When you return the data, keep every line exactly as it is and leave out the pictures.

● DATA BELOW:
━━━━━━━━━━

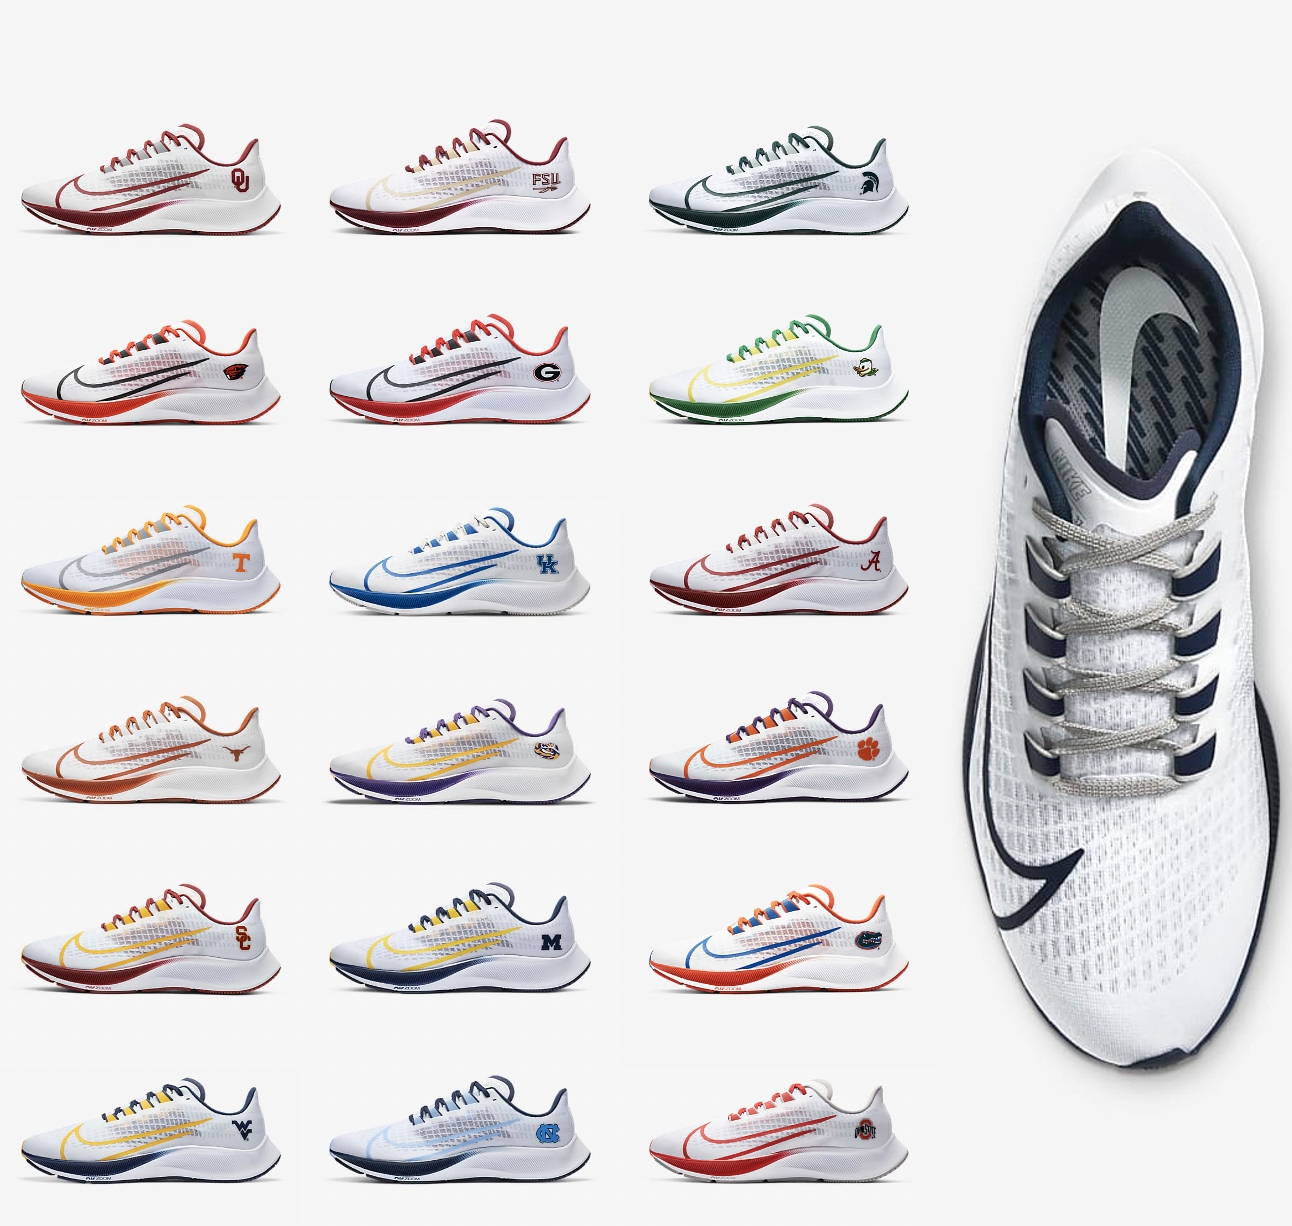 New Nike 2020 Theme Sneakers - Zoom Pegasus 37 Here -
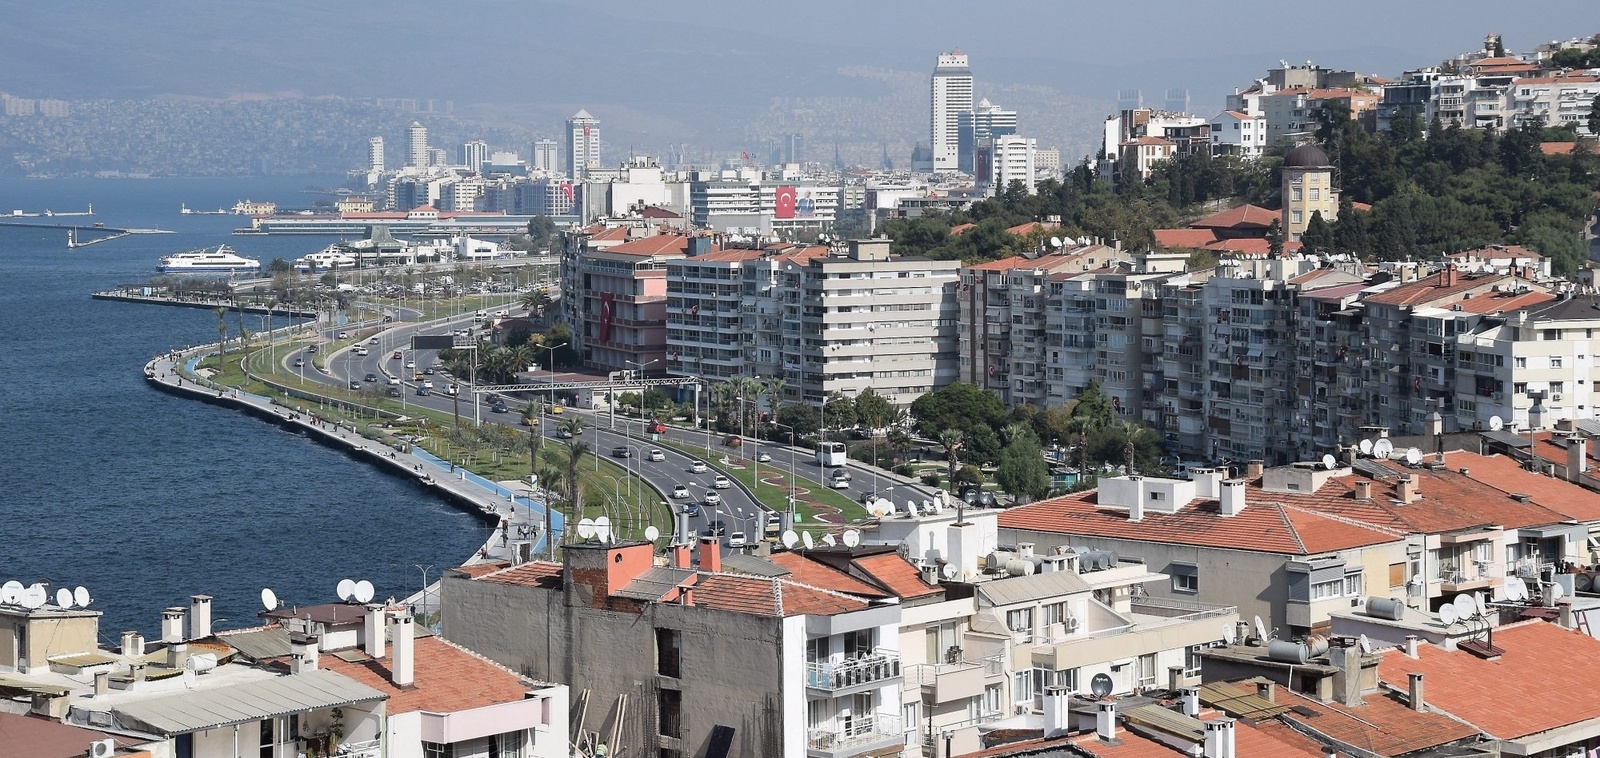 Izmir breder ut sig på ömse sidor av havsviken. Den hästskoformade formen på staden gör att man inte riktigt inser hur stor den är.
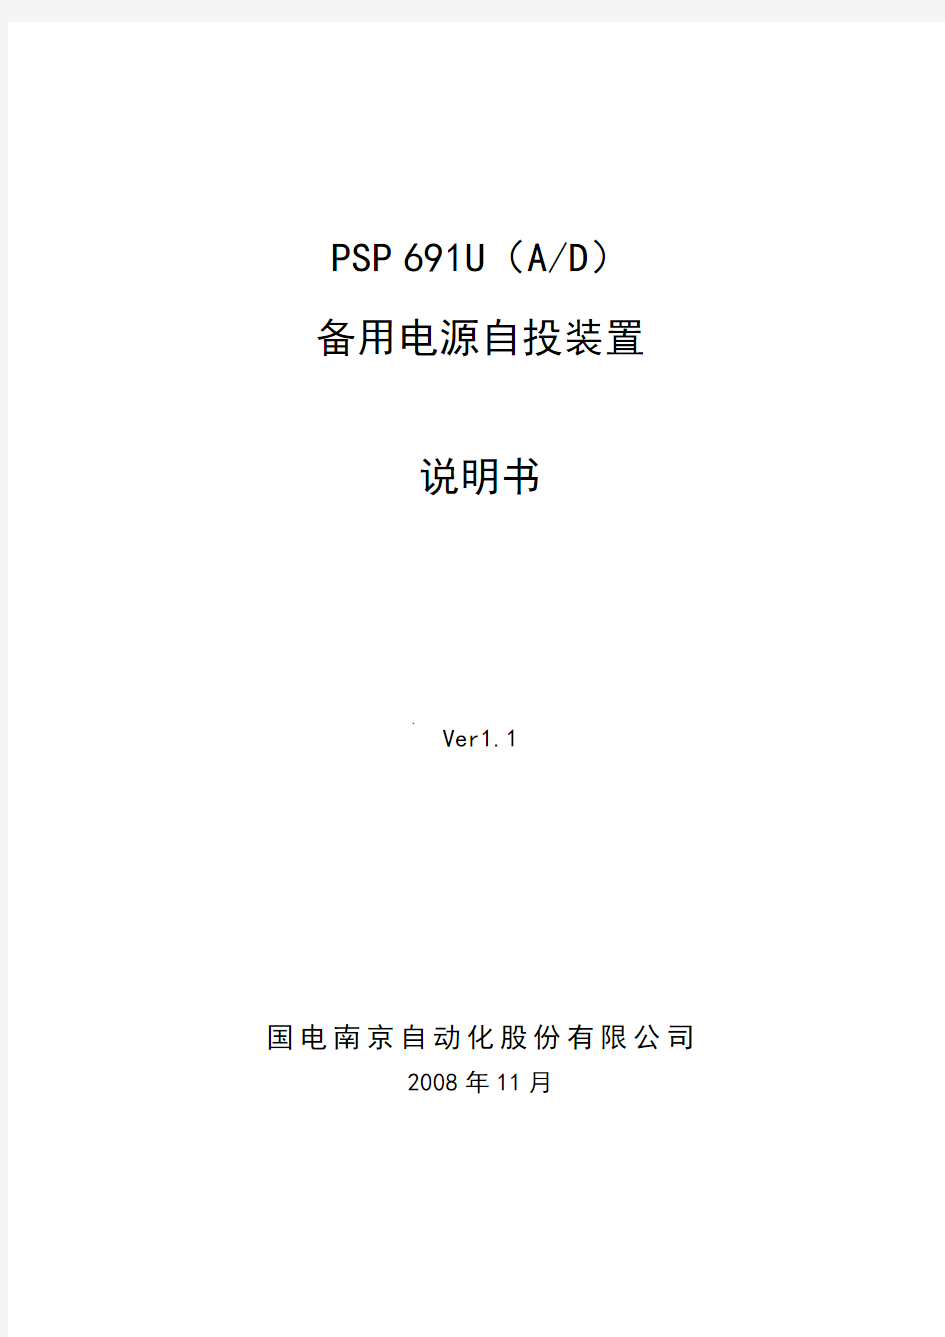 PSP691U(A,D)备用电源自投装置(南自)

━━━━━━━━━━

● COMPLETED EXERCISE:
 New Nike 2020 Theme Sneakers - Zoom Pegasus 37 Here -
 Izmir breder ut sig på ömse sidor av havsviken. Den hästskoformade formen på staden gör att man inte riktigt inser hur stor den är.
 PSP691U(A,D)备用电源自投装置(南自)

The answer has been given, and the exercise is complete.